Great tank hydrophyte!


----------



## rawr (12 Sep 2009)

This is amazing! So when did we arrange for it to be delivered again?


----------



## hydrophyte (12 Sep 2009)

Thanks very much. I have this tank in the living room of our home and I like it a lot.

A number of the plants in there have flowered. The _Echinodorus cordifolius_ has very attractive white blooms and I noticed it has another new flower spike developing.

Yep, ripariums just have plants above the water line supported by hanging and floating planters, whereas paludariums have built-up terrestrial areas.


----------



## JohnC (12 Sep 2009)

hydrophyte said:
			
		

> Thanks very much. I have this tank in the living room of our home and I like it a lot.
> 
> A number of the plants in there have flowered. The _Echinodorus cordifolius_ has very attractive white blooms and I noticed it has another new flower spike developing.
> 
> Yep, ripariums just have plants above the water line supported by hanging and floating planters, whereas paludariums have built-up terrestrial areas.



I'll post my moss jar next week to show my accidental riparium 

How are you supporting the plants above the water line? or are they self supporting as they are pretty chucky.


----------



## Gill (12 Sep 2009)

Awesome Rip, Sooooo Lush


----------



## hydrophyte (13 Sep 2009)

I have a couple other quick shots showing the _Colocasia fallax_ dwarf taro that I have in here. I really like this plant. 



 

Here's a view down the lenght of the tank.





This plant is at its peak right now. I suspect that it will pretty soon stop growth and start flowering. After blooming for a while the leaves will then start to yellow and die as it goes into winter/dry season dormancy. Last winter I kept these taros in a cool and moist spot for several months. By March they started to grow again.


----------



## aaronnorth (13 Sep 2009)

all your tanks look amazing, a real inspiration  

do you have any pics of the setting up process? i would like to see how you attach objects to the glass and the positioning etc. or any pictures of the products you use.

Thanks, Aaron


----------



## aaronnorth (13 Sep 2009)

i just typed in riparium and it lead me to your blog, well done on the site, it is a good write, the thing that excites me most is that i can have a river style in the water, and still have plants above the water line  i dont really have rrom for 2 tanks so combining both is great hehe.

the other good thing is i currently have a load of crypts & echindorous in my tank which i can grow in emmersed   i will be waiting a while though, as this tank is new and i dont think my parents would be too happy me changing it at such an early stage with all the money invested :? 

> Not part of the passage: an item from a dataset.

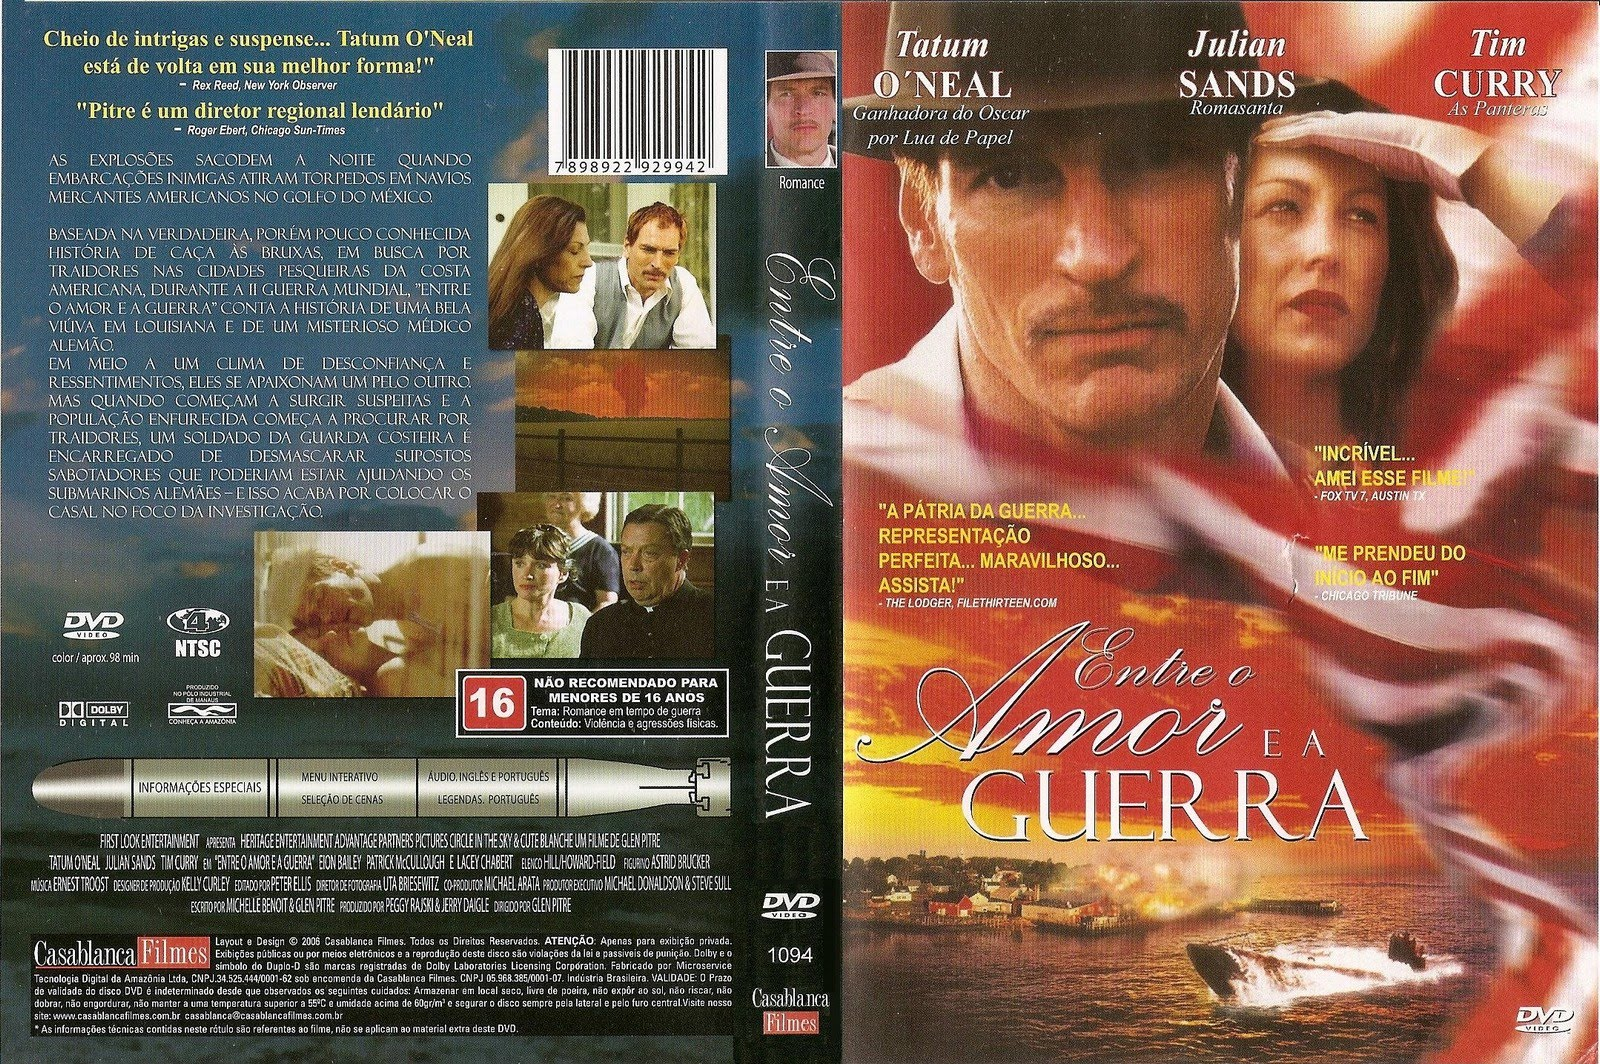 http://2.bp.blogspot.com/-b1tgJ78tdHU/TWuuZqeivzI/AAAAAAAAAX4/bOhxPyoGDXw/s1600/Entre-O-Amor-E-A-Guerra.jpg
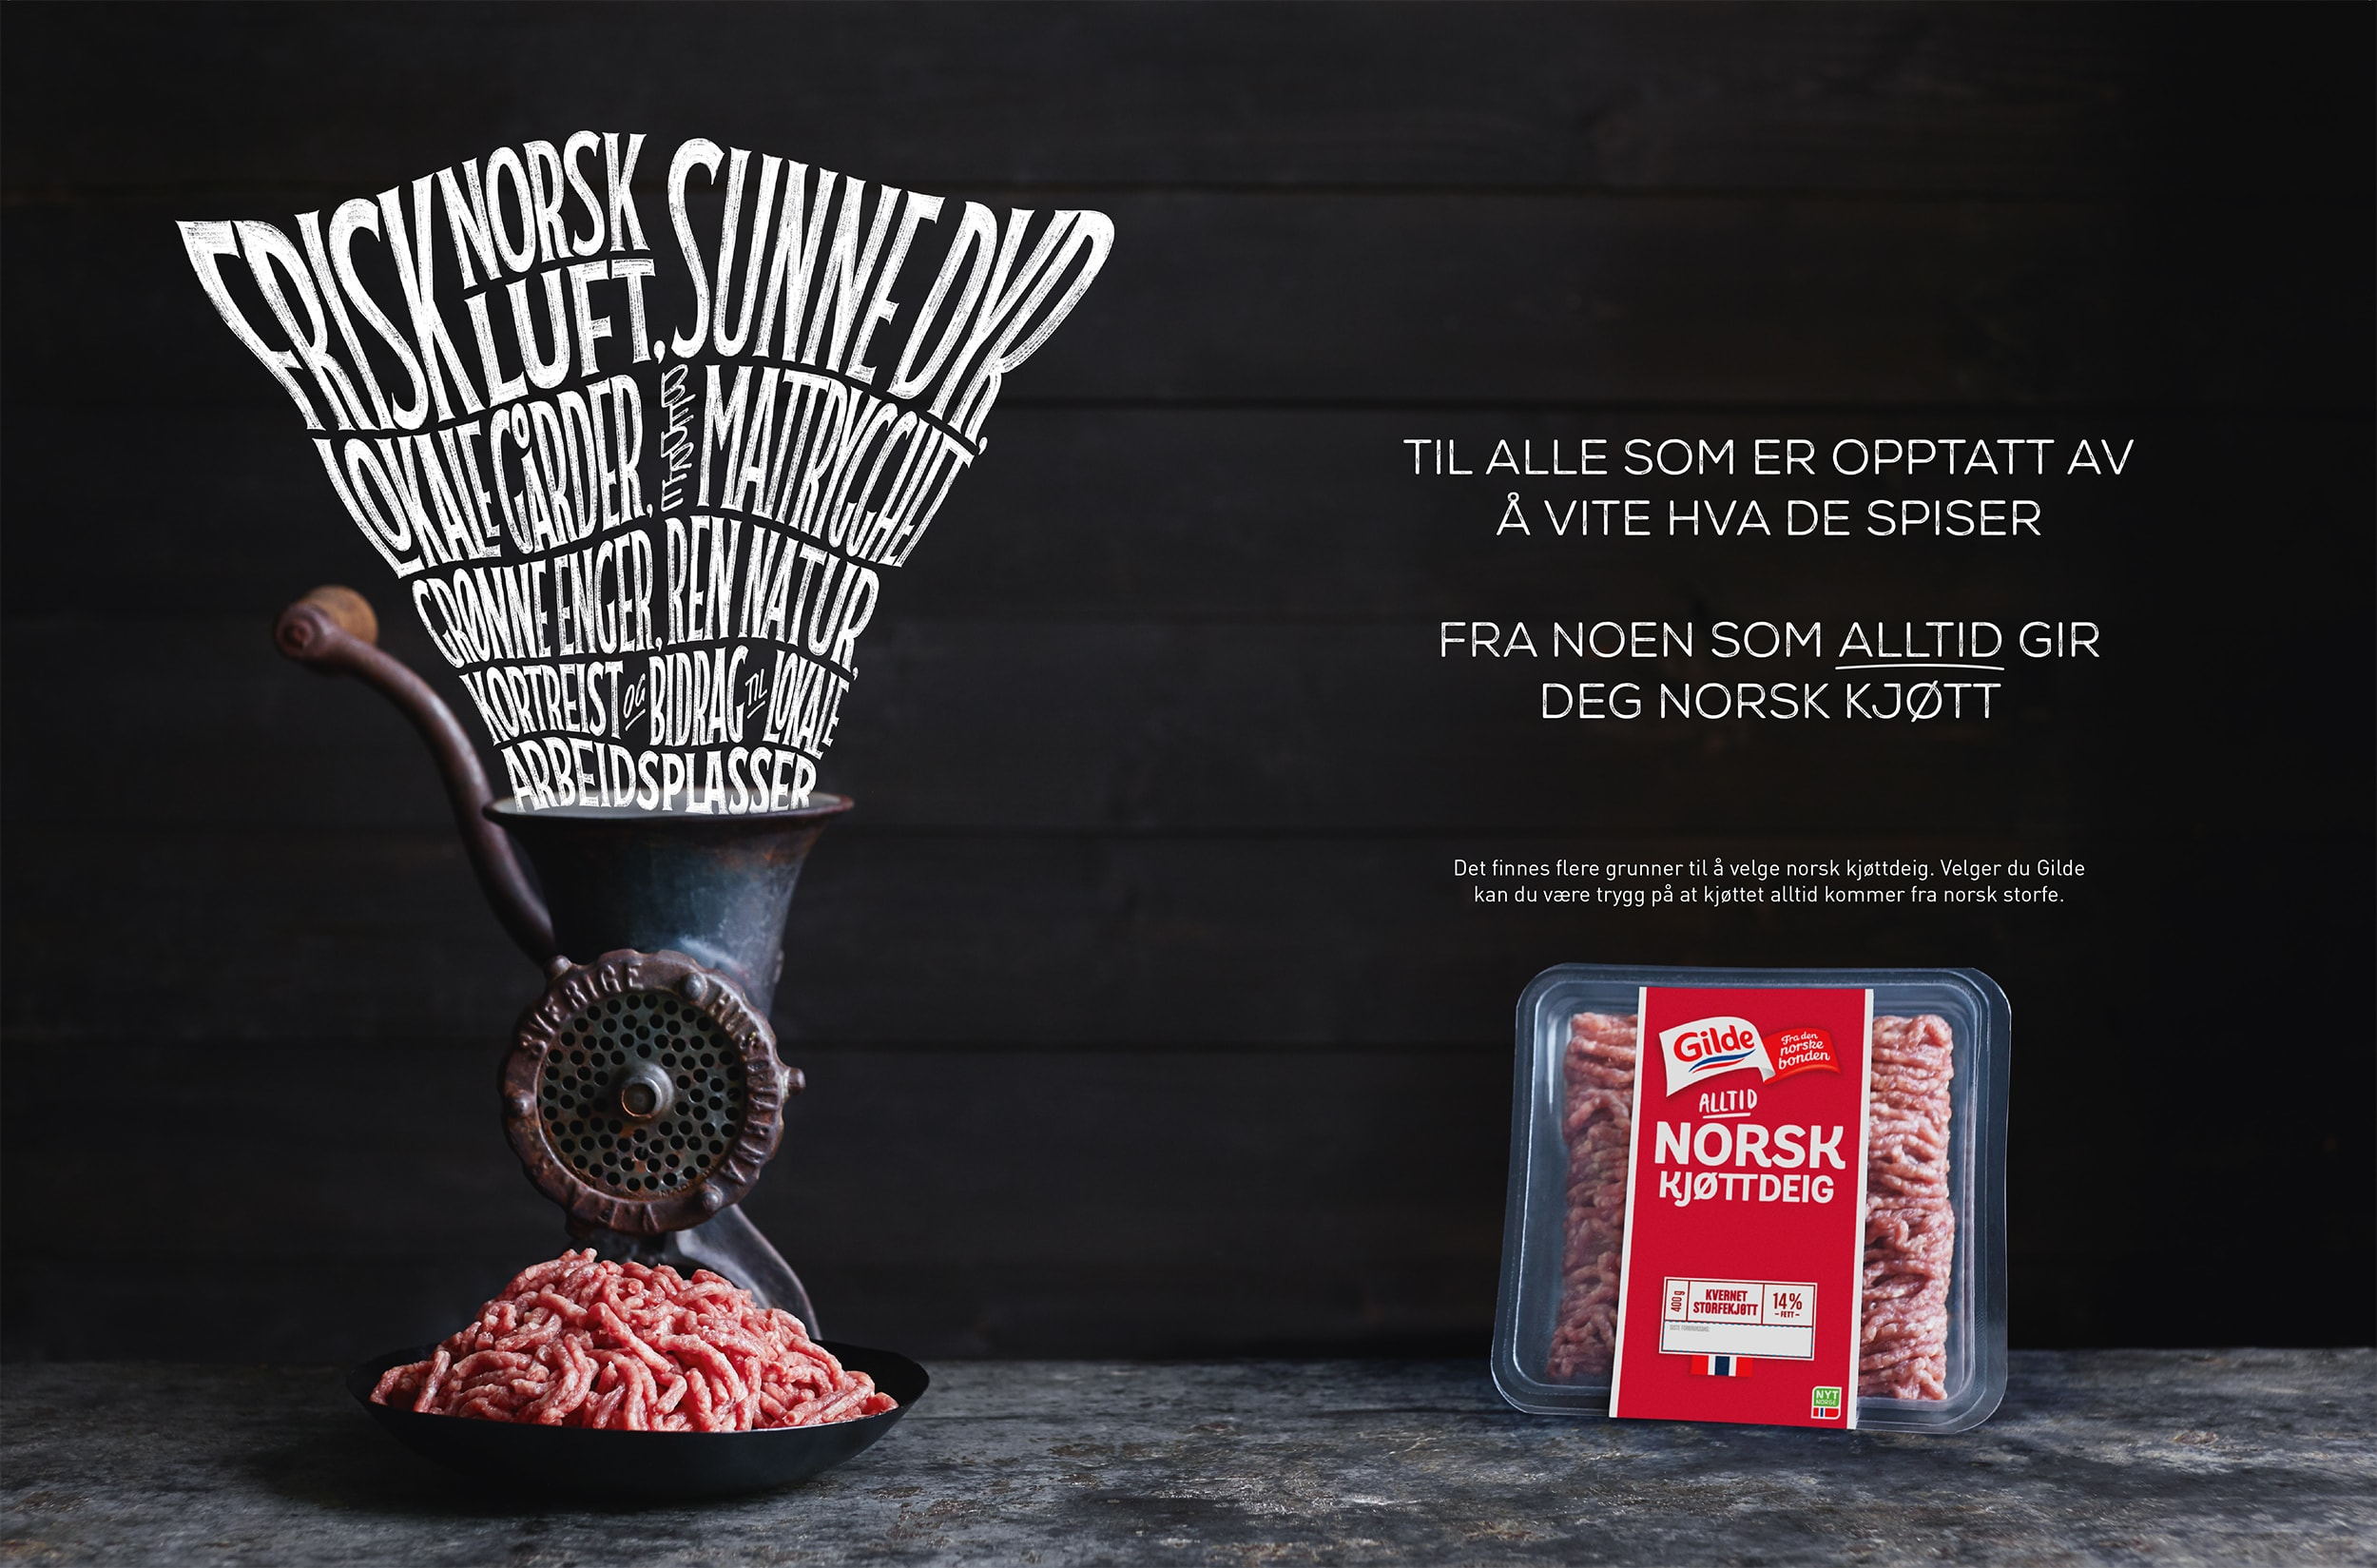 Veslemøy Vråskar – Gilde Kjøttdeig

oh well, more time to get some crypts growing hehe.

how much light do you reccomend using? or does it not matter seeing as they are above the waters surface?
and do you have to keep a certain humidity?

Thanks, 
Aaron


----------



## hydrophyte (16 Sep 2009)

Hi everybody. There are several questions above I have not forgotten about them I have just been slammed with a great deal of work. I hope that I can return early next week to post some responses.

Cheers,


----------



## hydrophyte (23 Sep 2009)

Hi everybody...I still need to address those questions...but while I am here I should quick post a quick update from this tank. The blooms on the ladies' tresses orchid (_Spiranthes cernua_ var. _odorata_) began to open last week. Here is a shot of the whole flowerhead:





The spike had been developing for more than two months. I don't know what the "_odorata_" variety name means. I detect no scent at all from the flowers.


----------



## hydrophyte (24 Sep 2009)

aaronnorth said:
			
		

> all your tanks look amazing, a real inspiration
> 
> do you have any pics of the setting up process? i would like to see how you attach objects to the glass and the positioning etc. or any pictures of the products you use.
> 
> Thanks, Aaron



Aaron,

I quote myself with something that I wrote a while back:



			
				hydrophyte said:
			
		

> OK, here is an image that helps to demonstrate how this display is put together. This picture was shot over the top rim of one side of the aquarium. Notice that the emergent plants more or less cover the water over the rear 2/3 of its surface. The water surface in the front portion is mostly open.
> 
> 
> 
> ...


----------



## hydrophyte (24 Sep 2009)

aaronnorth said:
			
		

> how much light do you reccomend using? or does it not matter seeing as they are above the waters surface?
> and do you have to keep a certain humidity?
> 
> Thanks,
> Aaron



This tank is lit up with two 39-watt HO T5 lamps. That's only somewhat more than 1-watt/gallon of water, but this Giesemann fixture has real nice polished reflectors, so the output is quite efficient.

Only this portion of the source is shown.